Mr and Mrs Evans looked down at them.

 

‘Well, we remember Richard, of course,’ said Mark.

 

‘From the case?’

 

‘And the church,’ said Carrie. ‘I went a couple of times.’

 

‘Before or after Edie disappeared?’

 

‘After,’ she said.

 

‘I didn’t realize that,’ said Marvel, wondering why that wasn’t in the file.

 

‘Yes,’ said Carrie. ‘It was me who suggested asking him for help.’

 

That was why. DS Short had claimed it was her idea, but then it had backfired on her.
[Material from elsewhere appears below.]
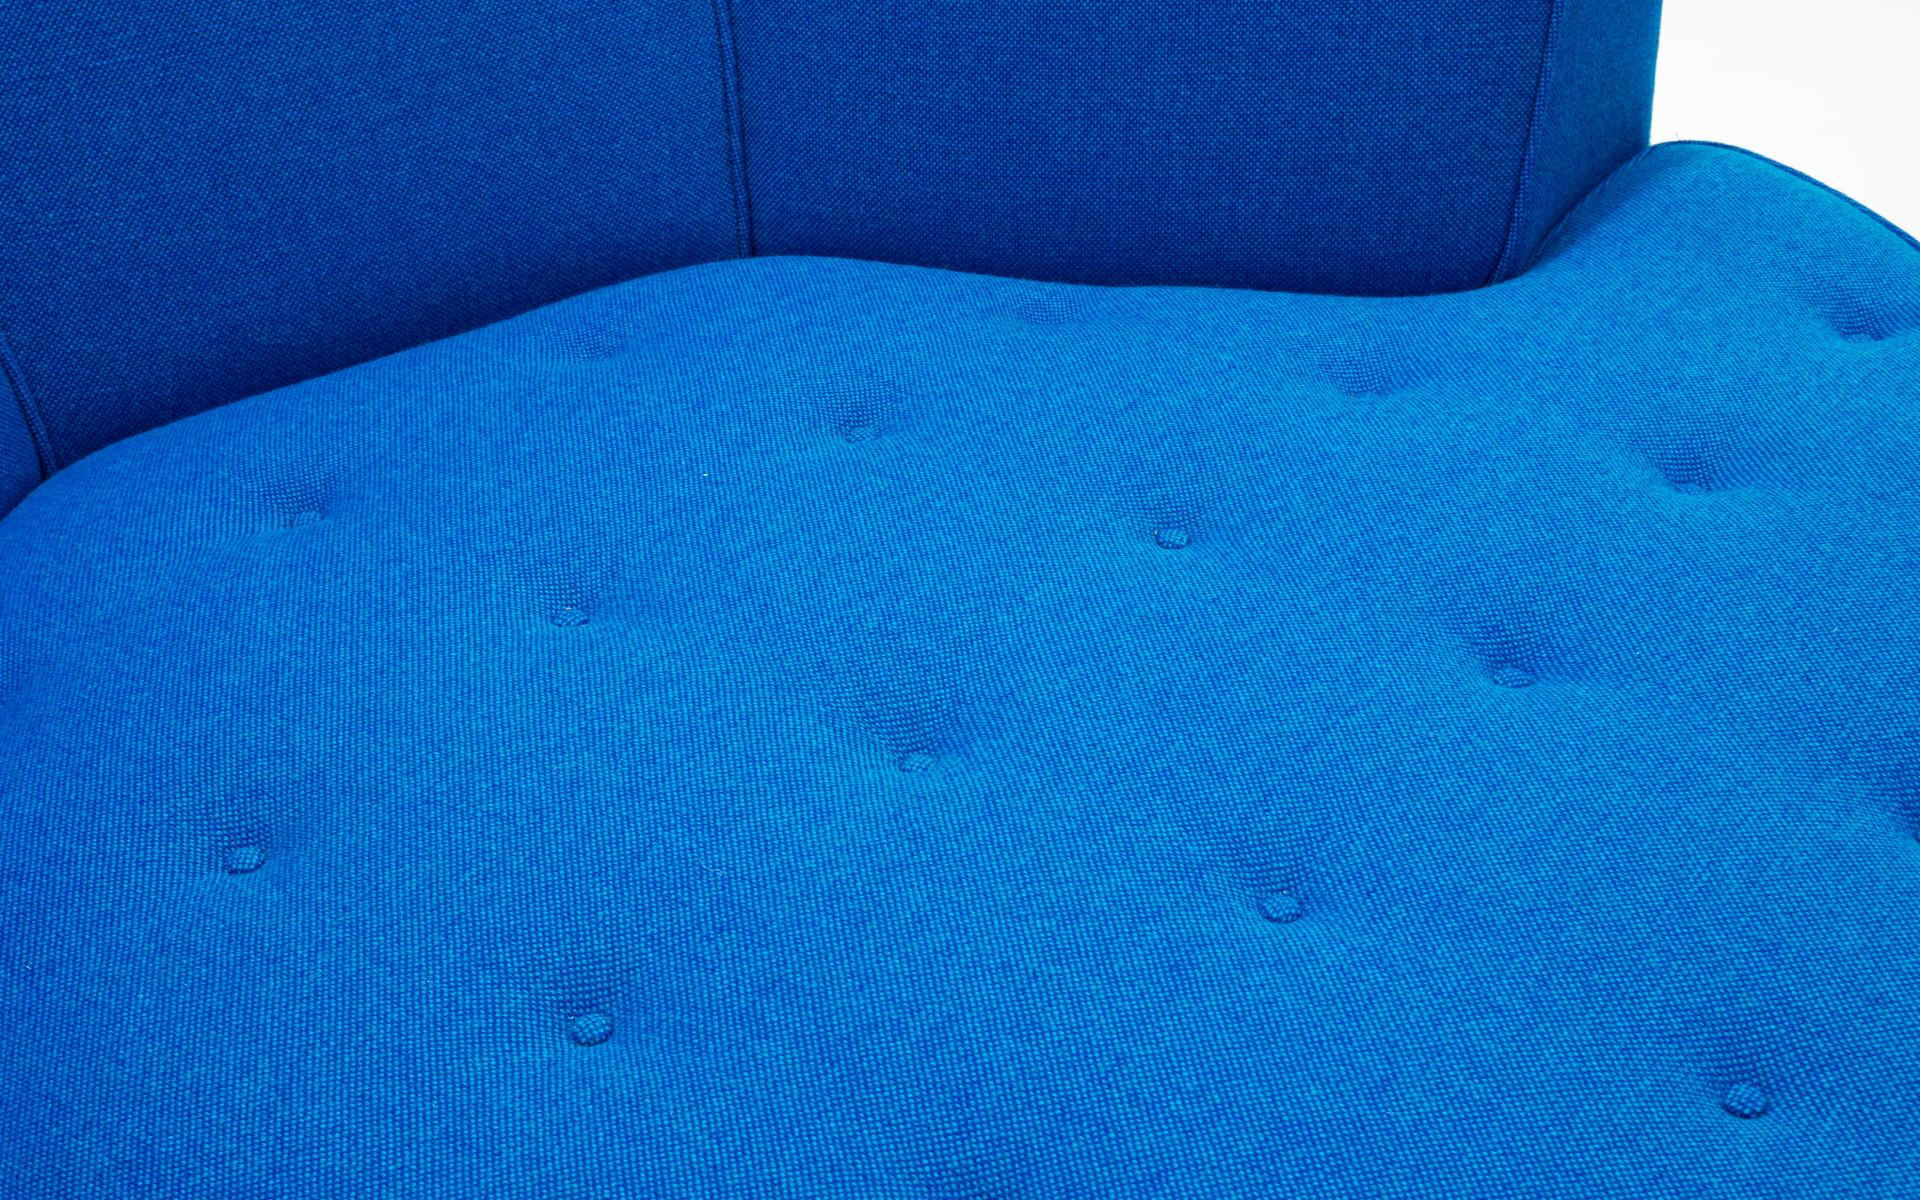 Mid-20th Century Octagonal Sofa Attributed to Harvey Probber, Restored in Blue Maharam Fabric For Sale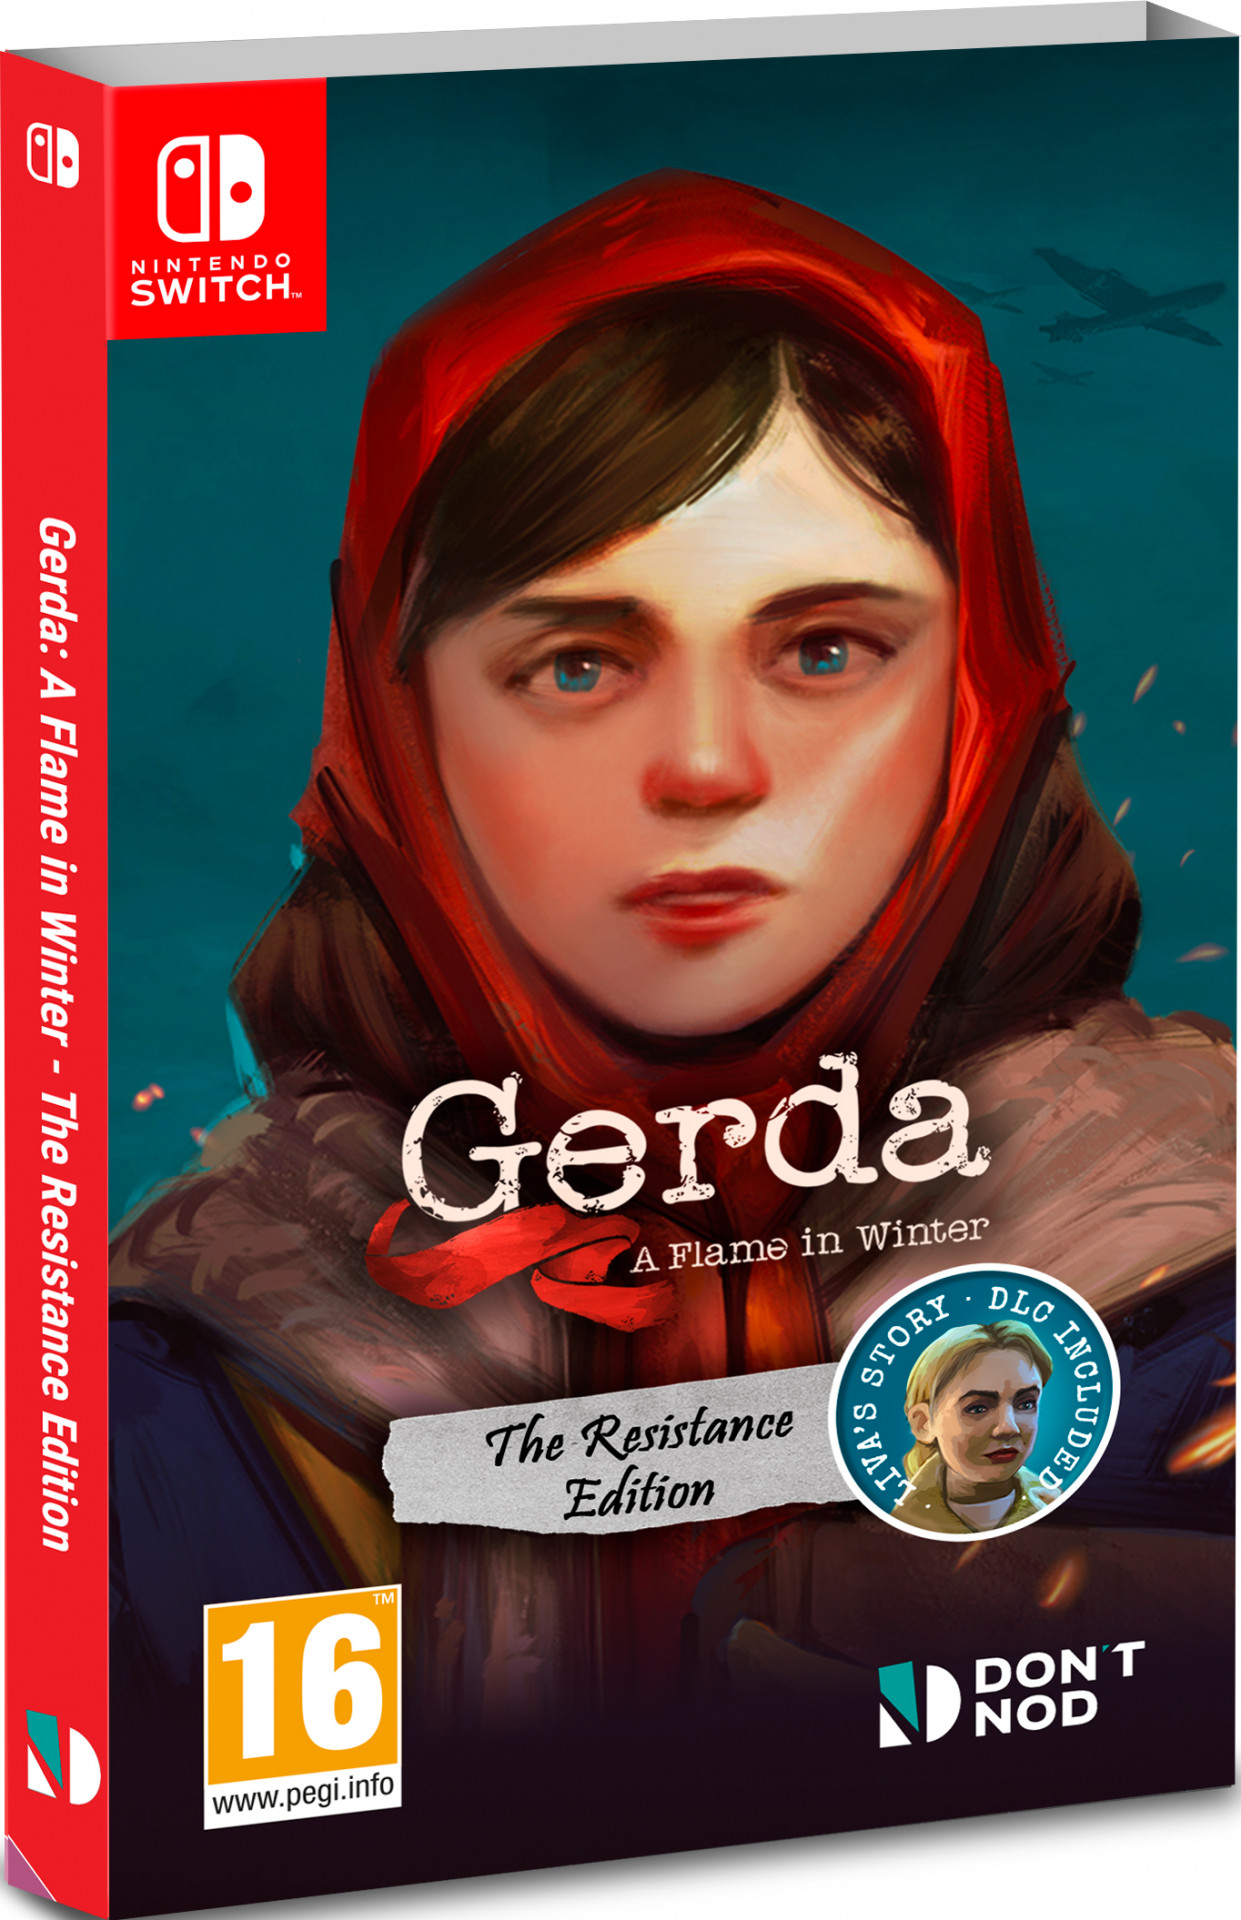 Gerda A Flame In Winter The Resistance Edition

Maybe that was why she’d gone off and got herself pregnant and stung the force for leave and pay.

 

‘I’m not really a believer,’ Carrie Evans went on, ‘but you’re desperate, you know? You want to believe in something.’ She shrugged her narrow shoulders and looked out of the kitchen window.

 

‘Did Mr Latham ever come to the house?’

 

‘No,’ said Mark Evans, and when Marvel looked at his wife she also turned and shook her head.